DATA PROVIDED:

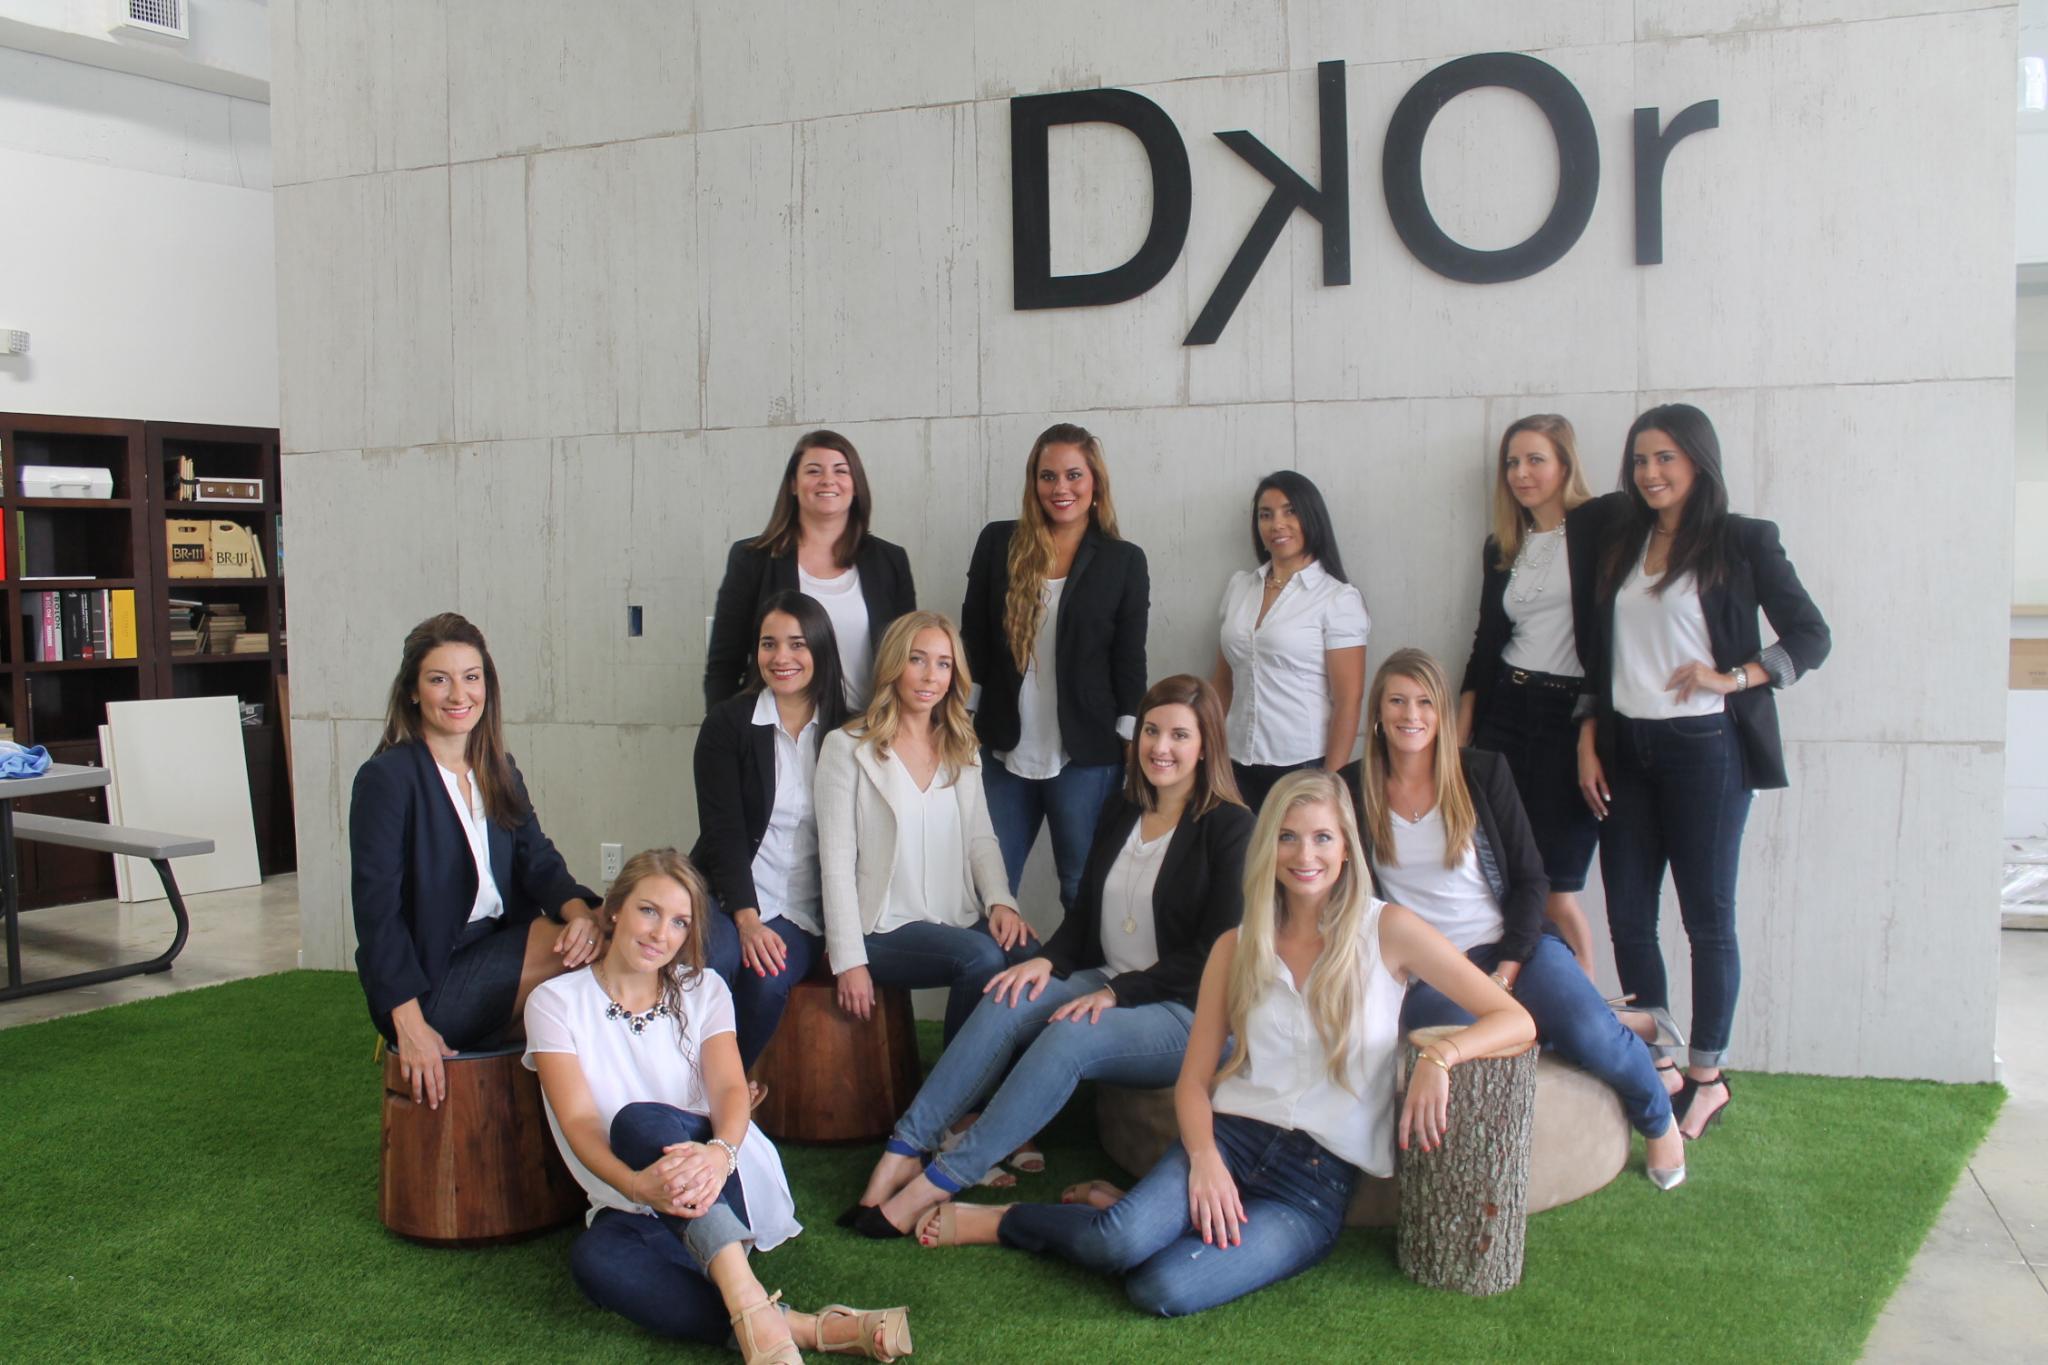 Today's Guest Blogger, Dkor Interiors, Talks Miami Design
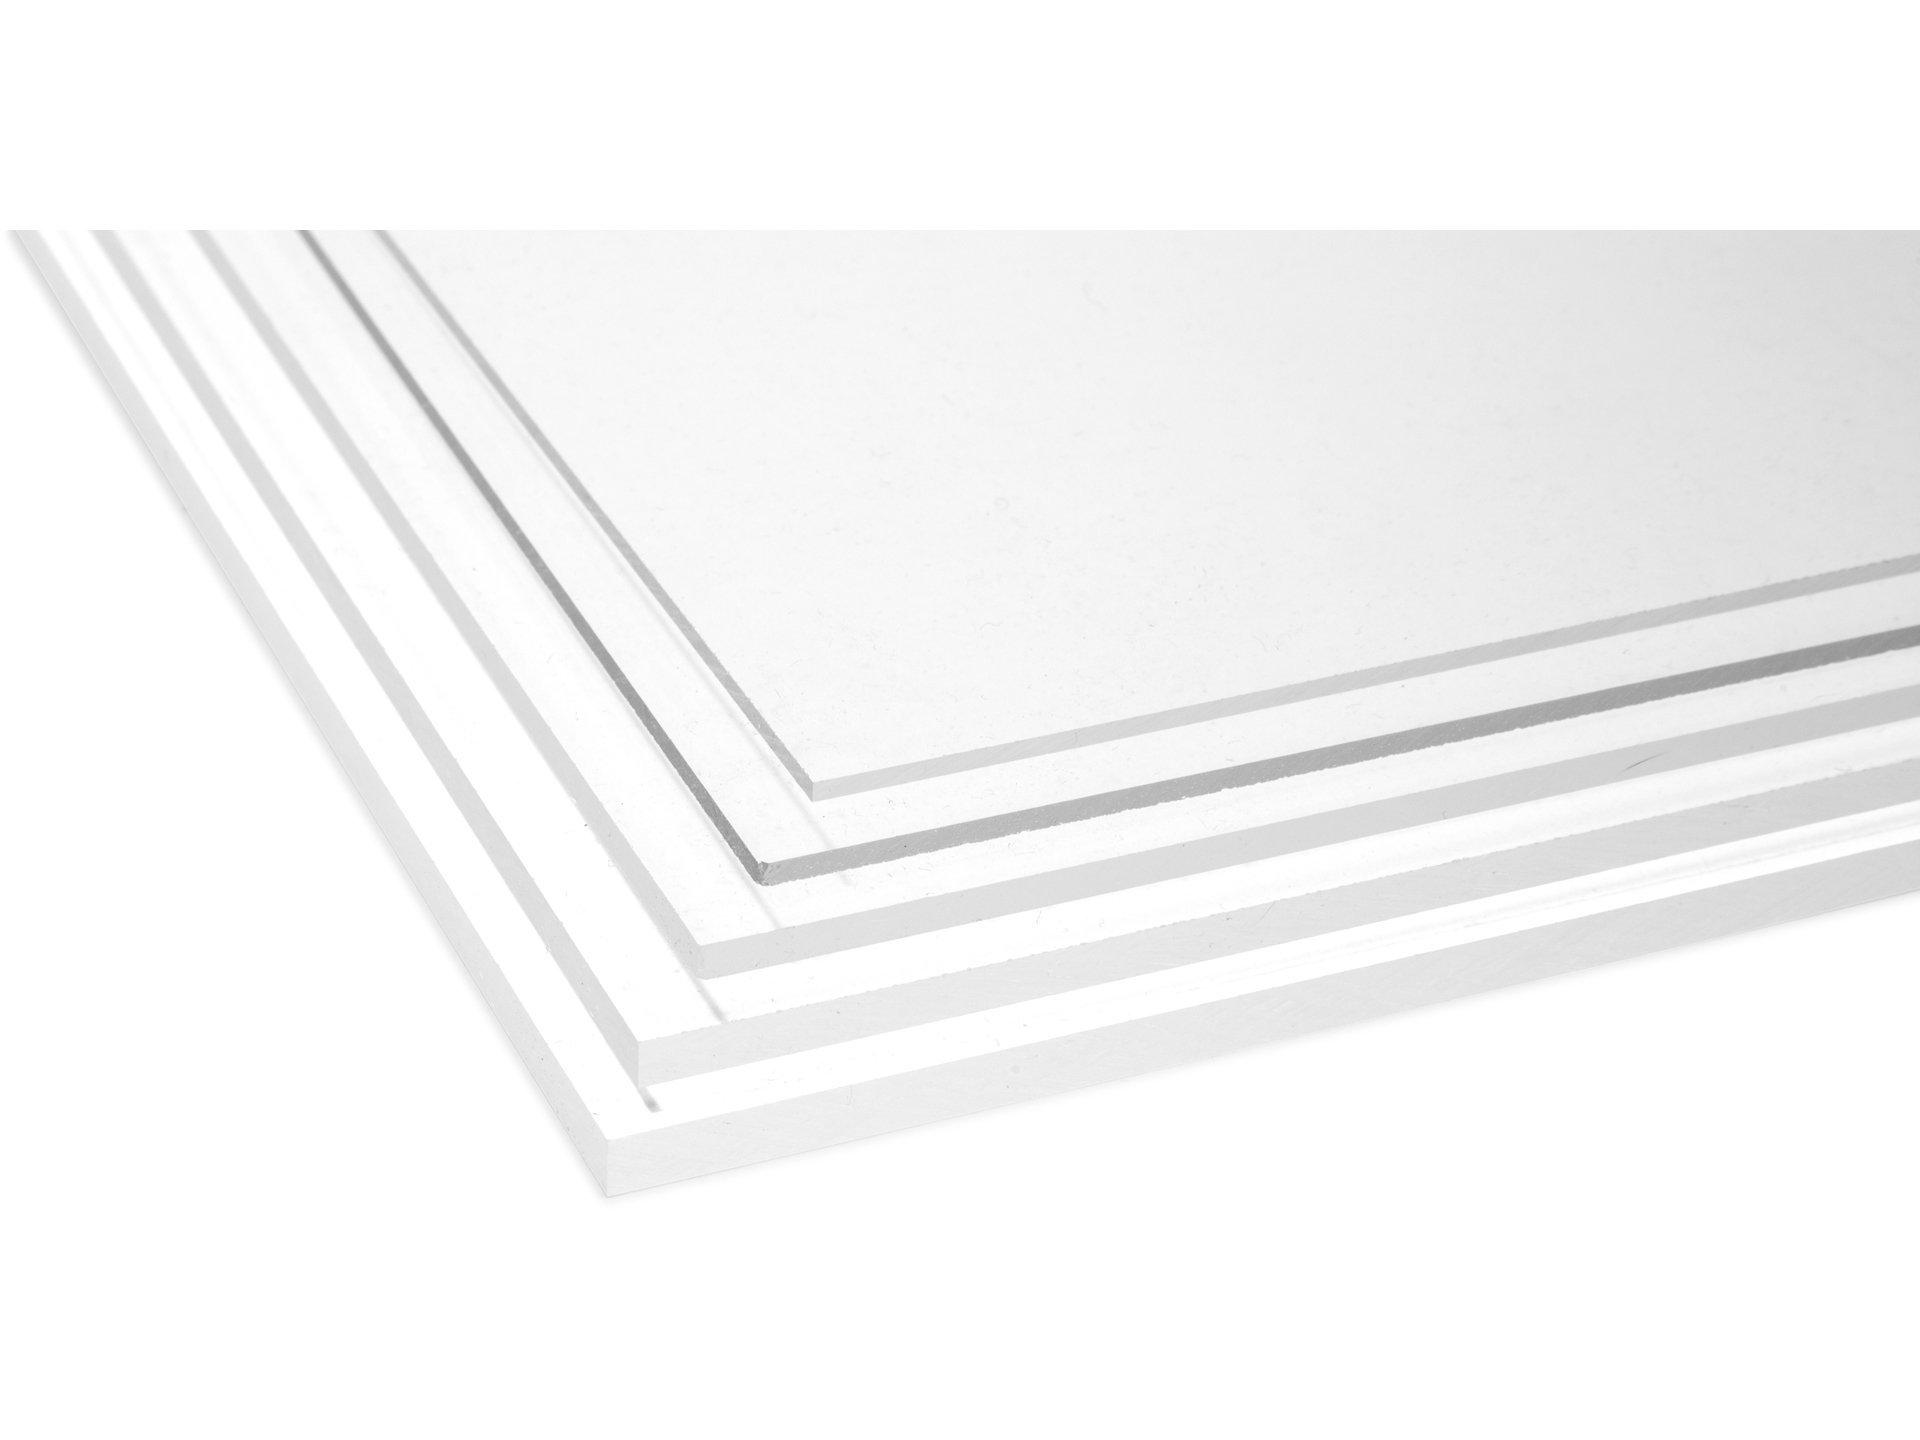 Spiegel aus Acrylglas XT Platte Zuschnitt silber 1000 x 600 x 3 mm
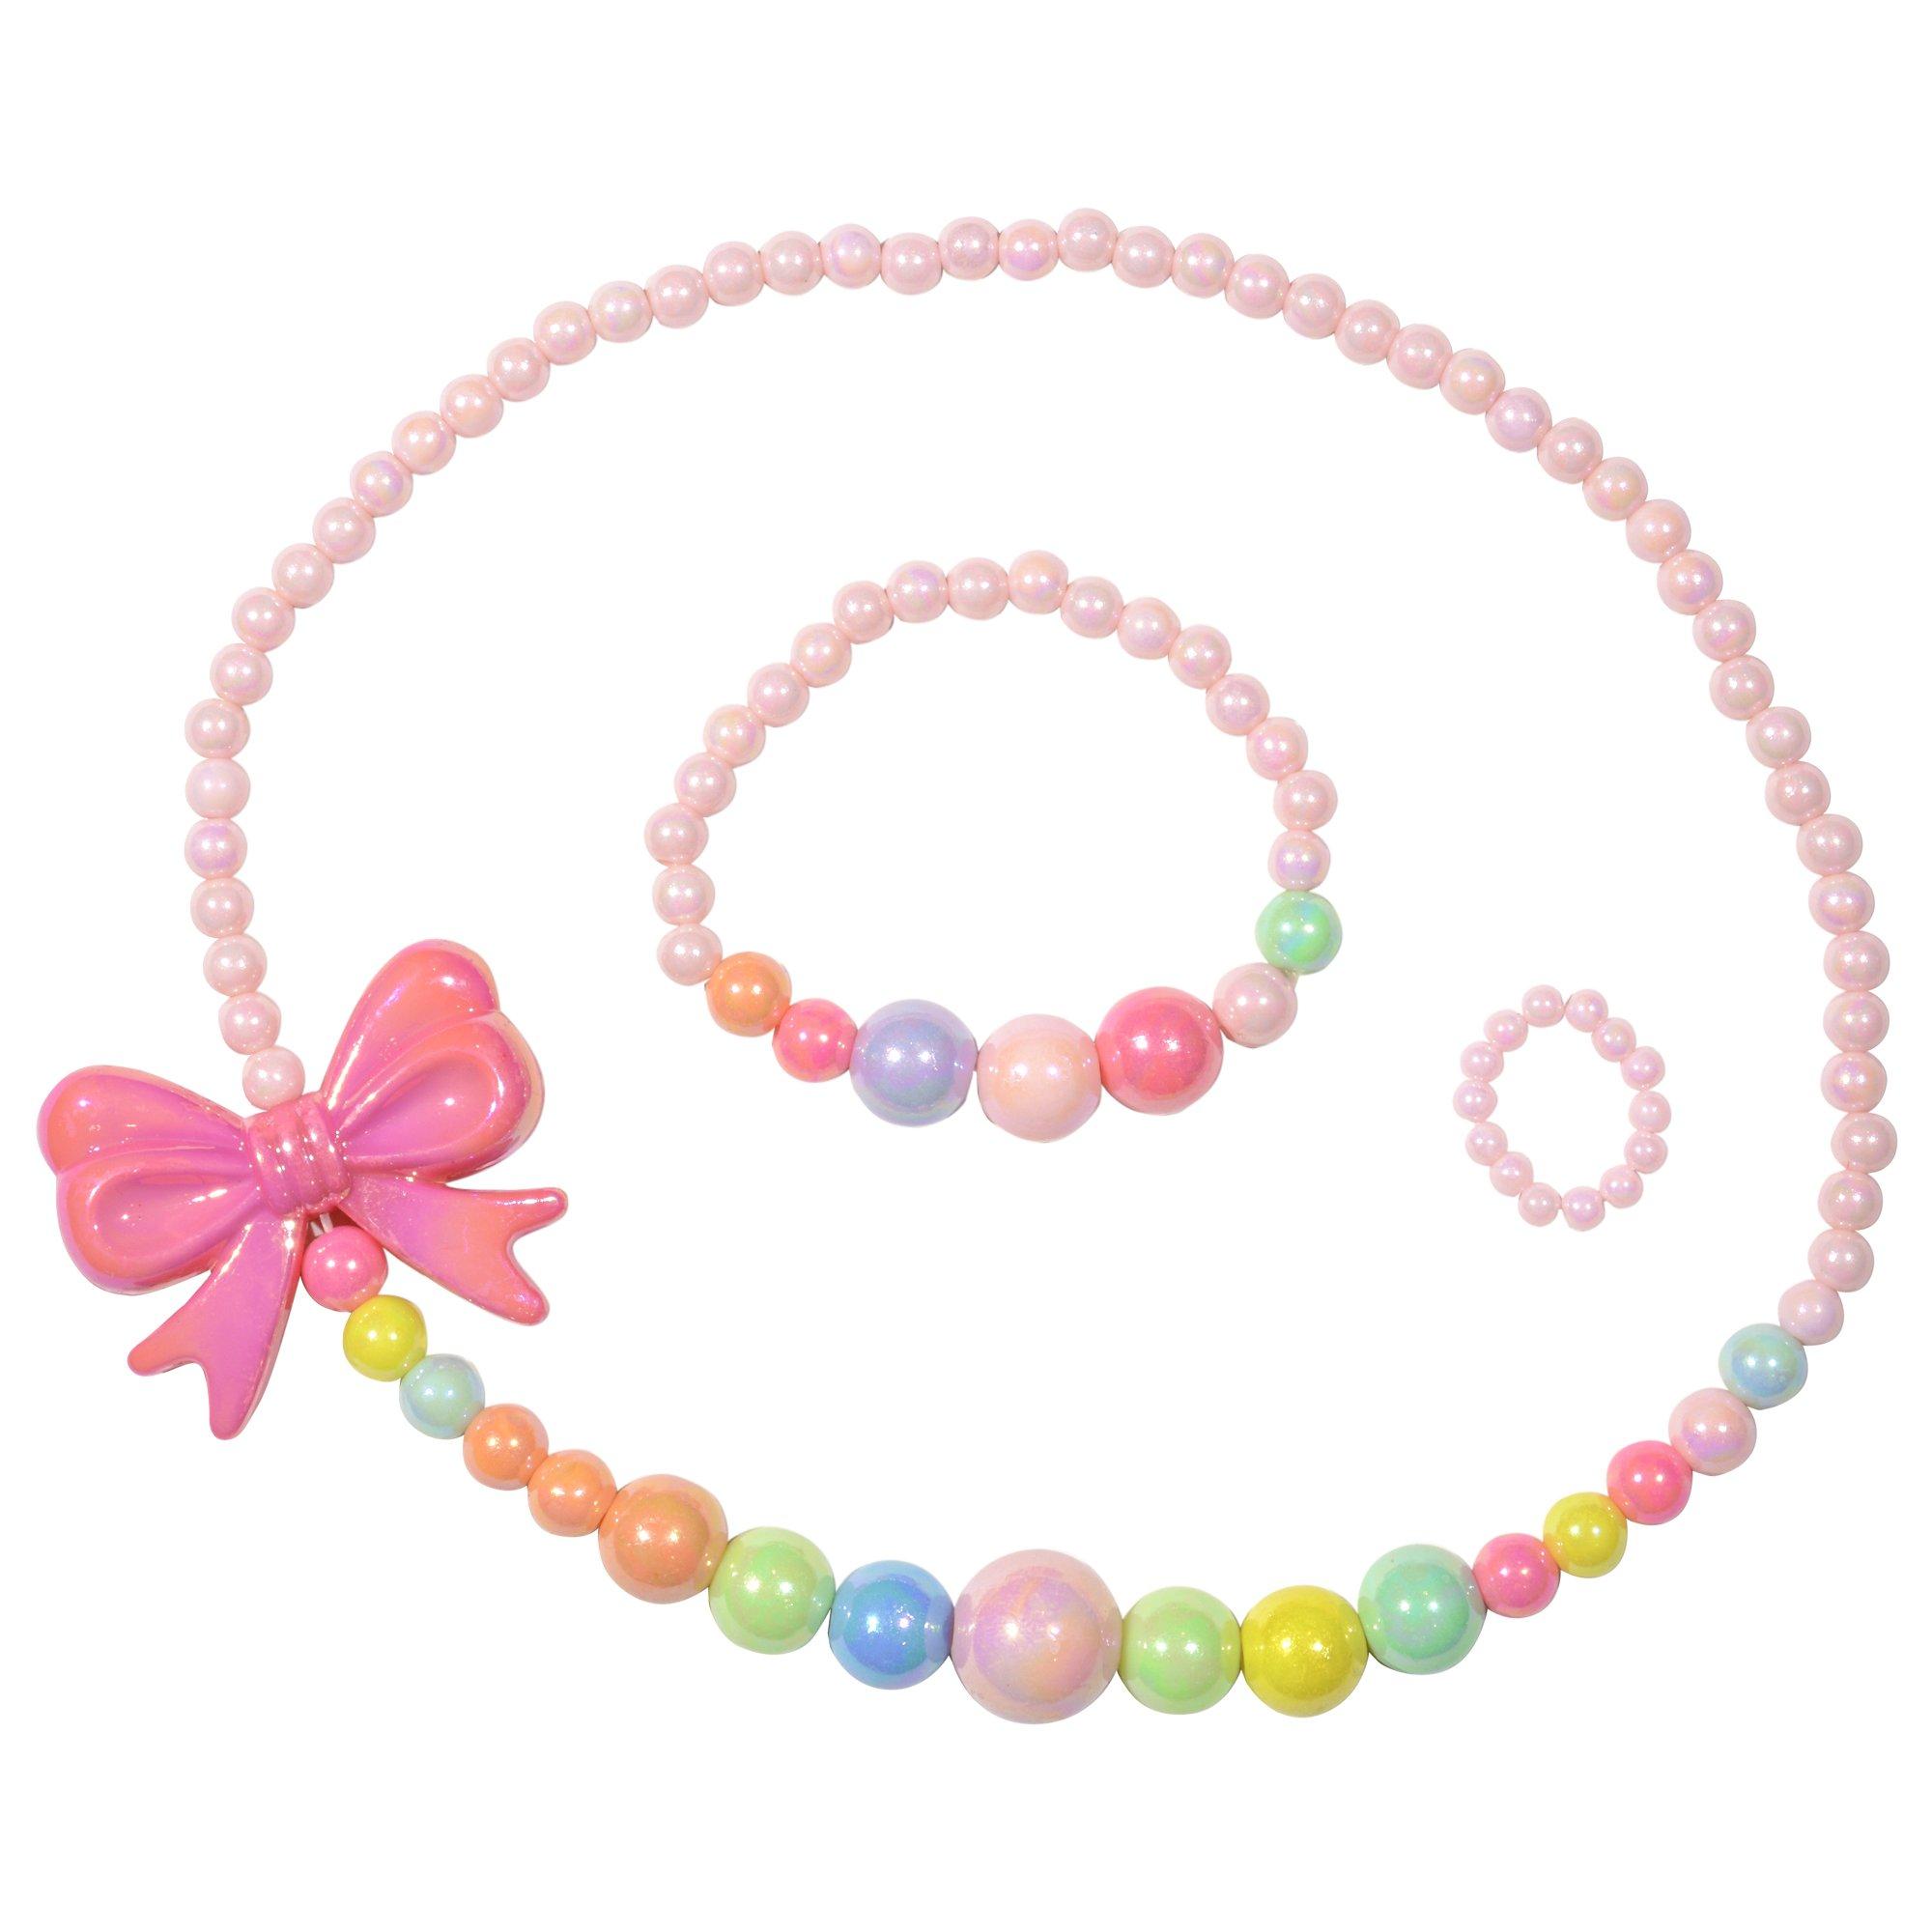 Amazon.com: SMITCO Kids Jewelry - for Little Girls and ...

ASSIGNMENT:
Without including any pictures, print all of the material exactly as given.

WRITTEN SOLUTION:
 Today's Guest Blogger, Dkor Interiors, Talks Miami Design
 Spiegel aus Acrylglas XT Platte Zuschnitt silber 1000 x 600 x 3 mm
 Amazon.com: SMITCO Kids Jewelry - for Little Girls and ...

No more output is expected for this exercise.